## Exercise requirements
Without its pictures, the listing below is to be transcribed exactly.

## Available data
== Segment start ==
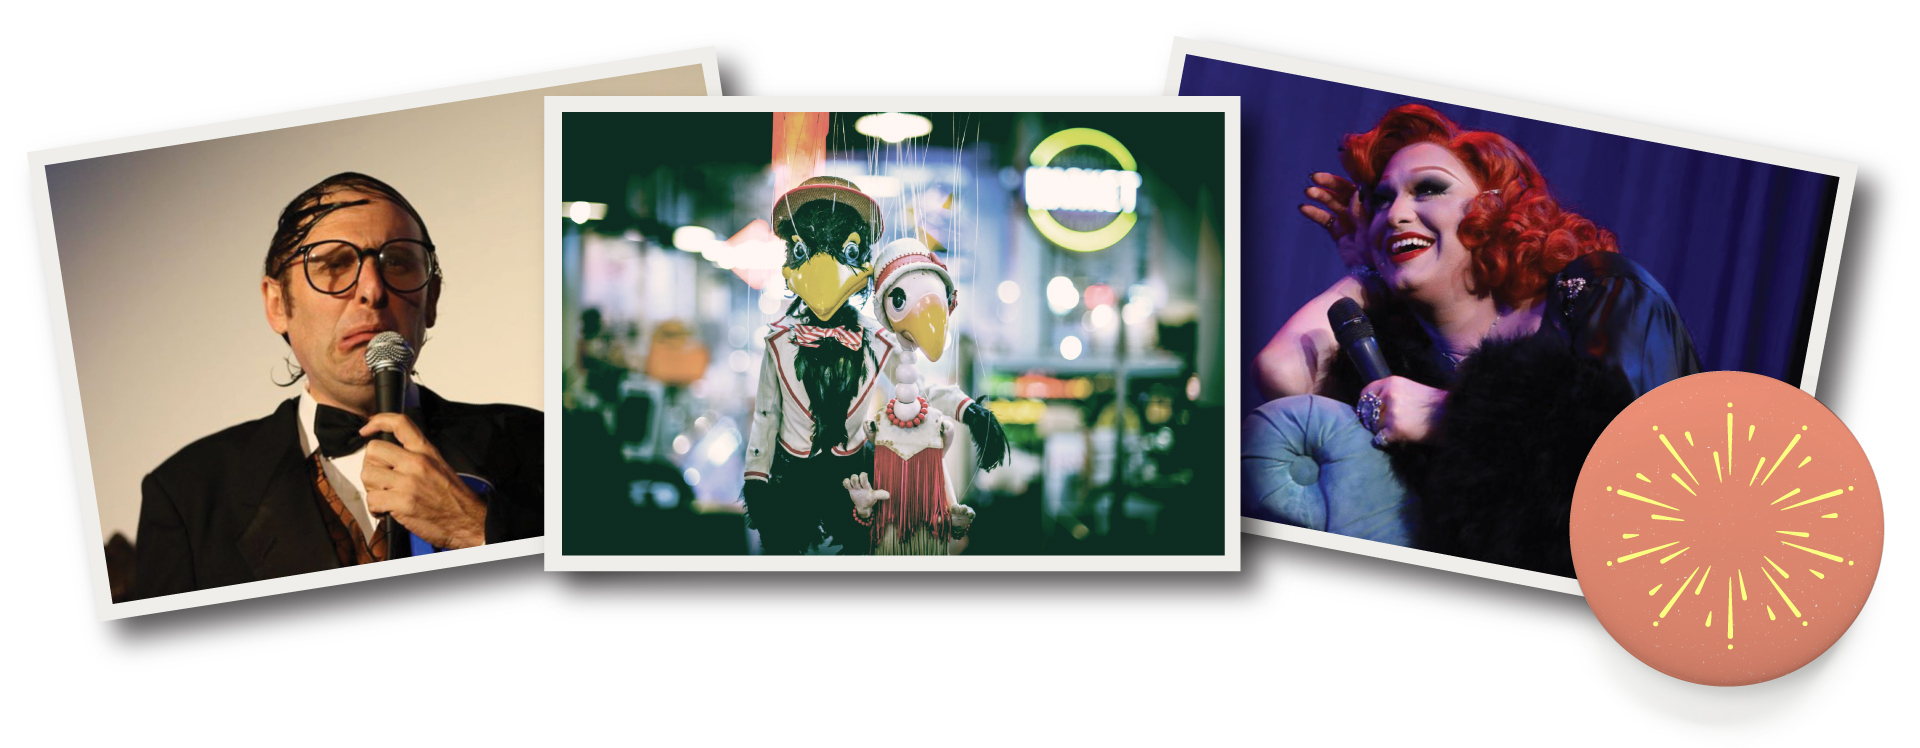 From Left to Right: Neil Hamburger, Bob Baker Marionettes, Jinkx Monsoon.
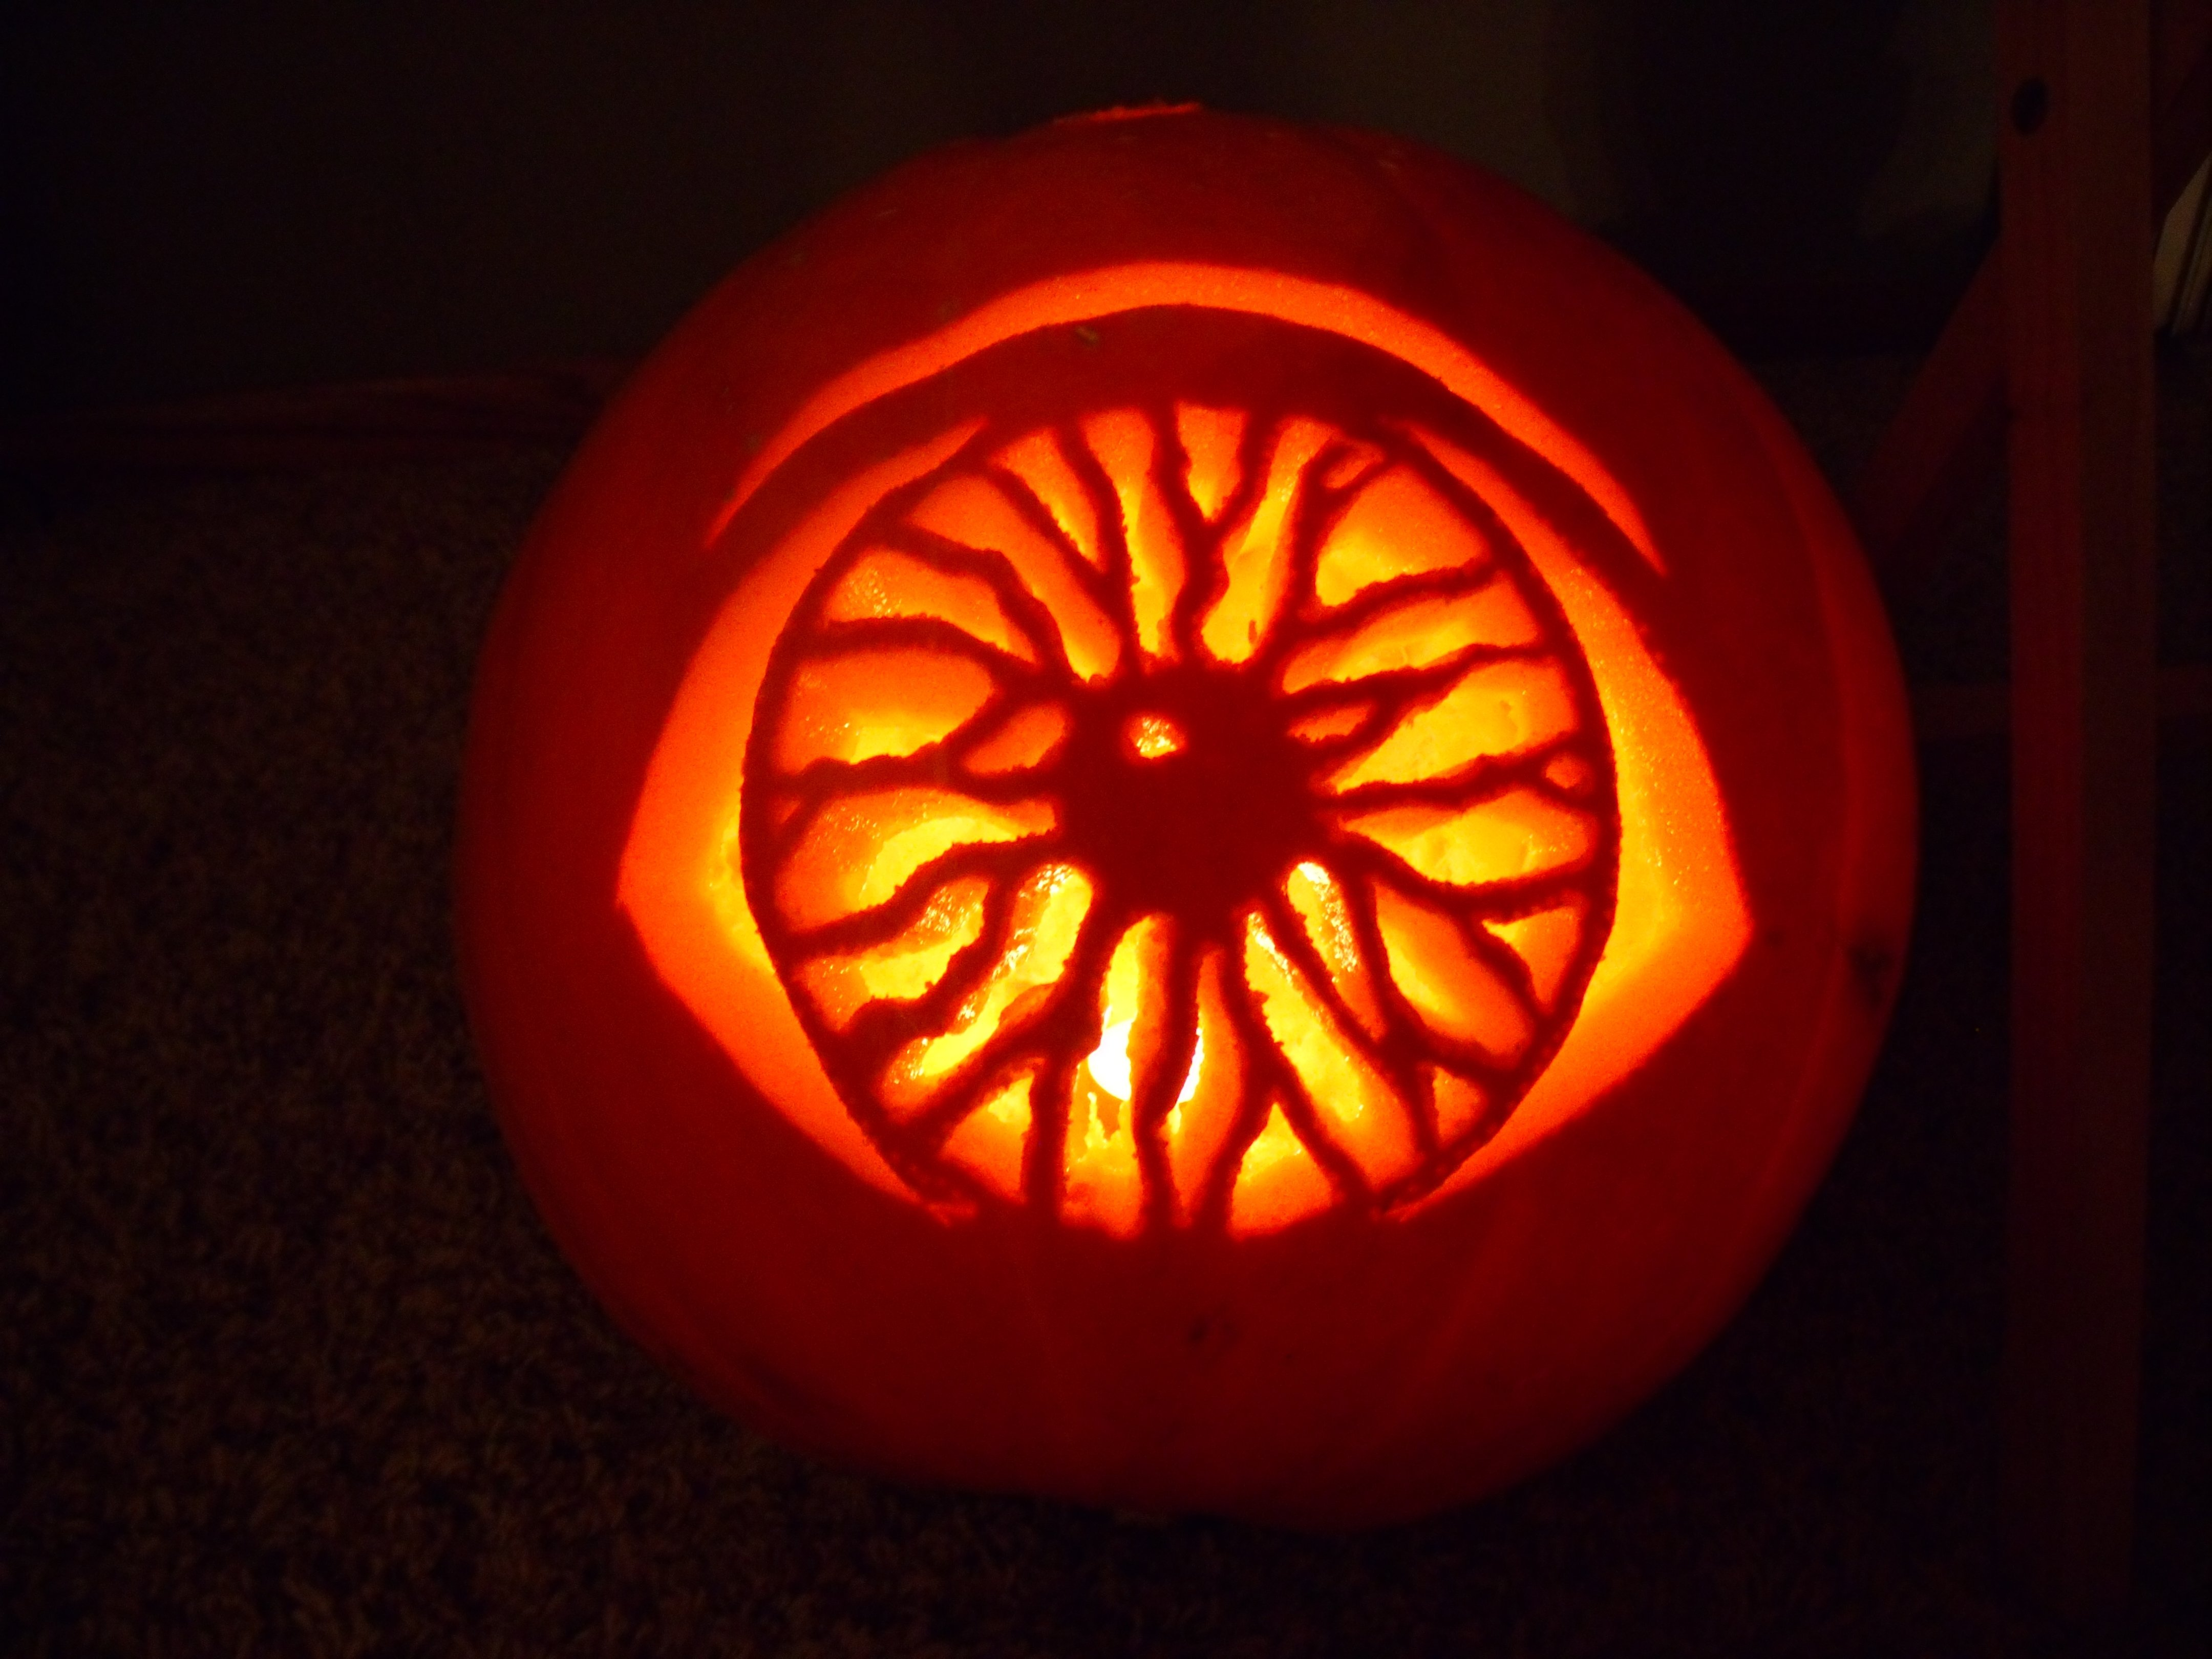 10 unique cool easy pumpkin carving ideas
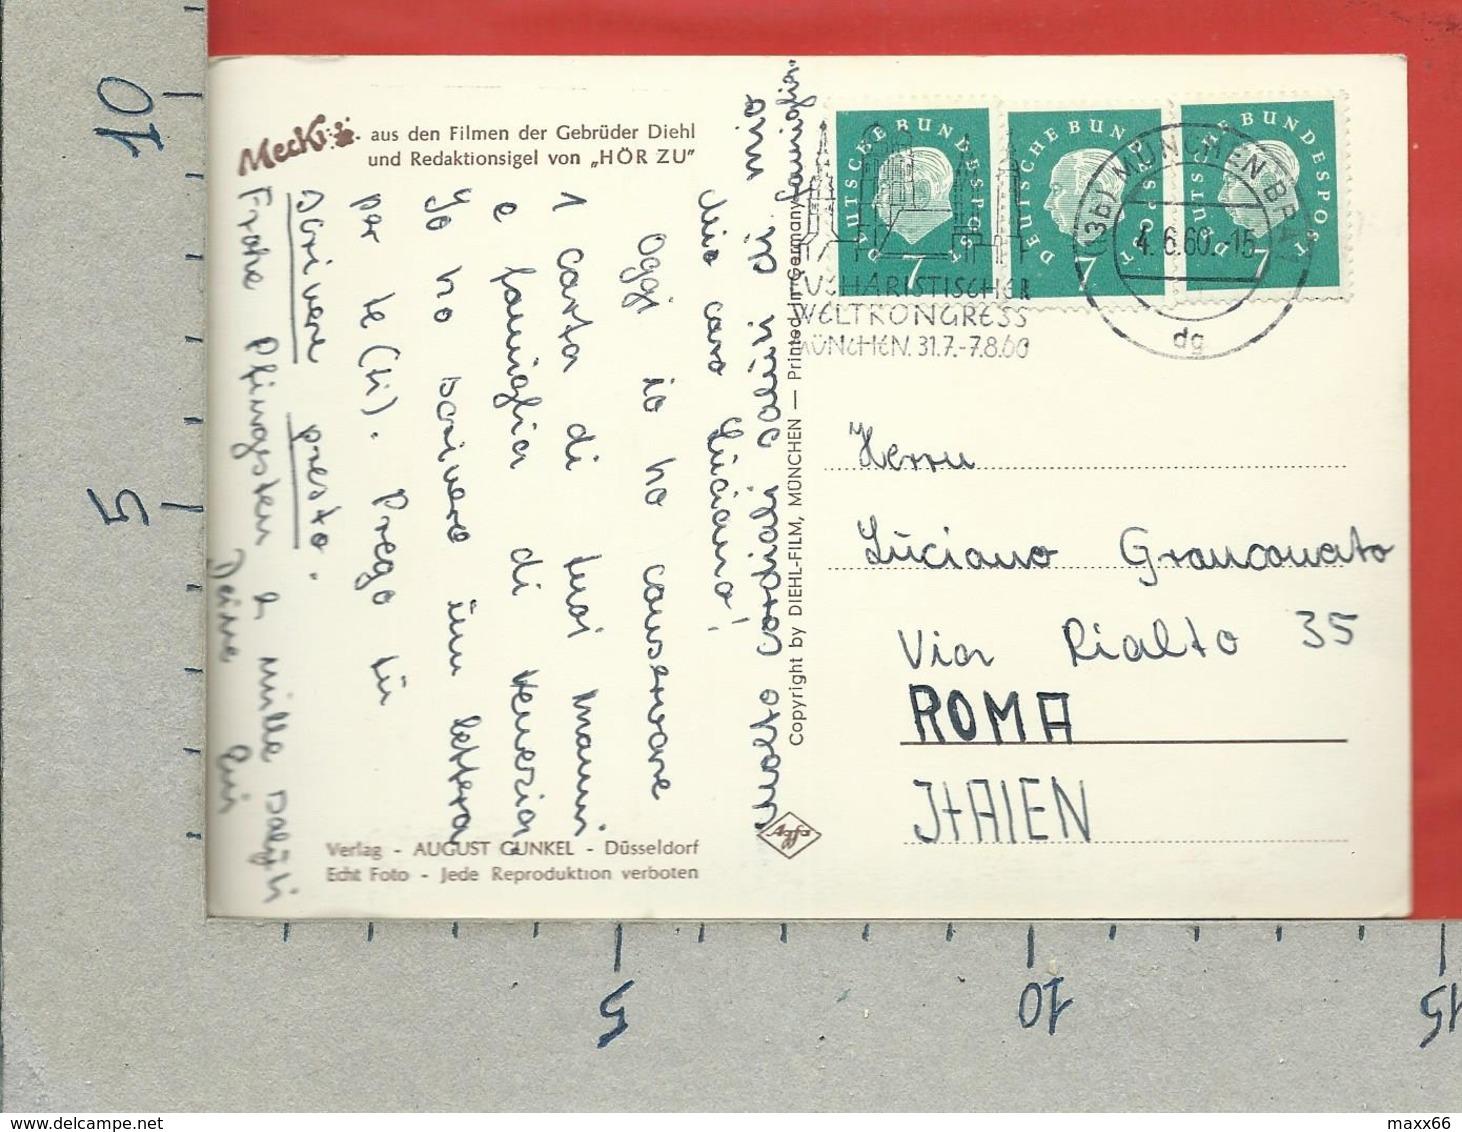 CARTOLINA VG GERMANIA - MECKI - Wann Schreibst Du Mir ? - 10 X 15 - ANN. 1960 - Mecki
== Segment end ==
## Expected answer
 From Left to Right: Neil Hamburger, Bob Baker Marionettes, Jinkx Monsoon.
 10 unique cool easy pumpkin carving ideas
 CARTOLINA VG GERMANIA - MECKI - Wann Schreibst Du Mir ? - 10 X 15 - ANN. 1960 - Mecki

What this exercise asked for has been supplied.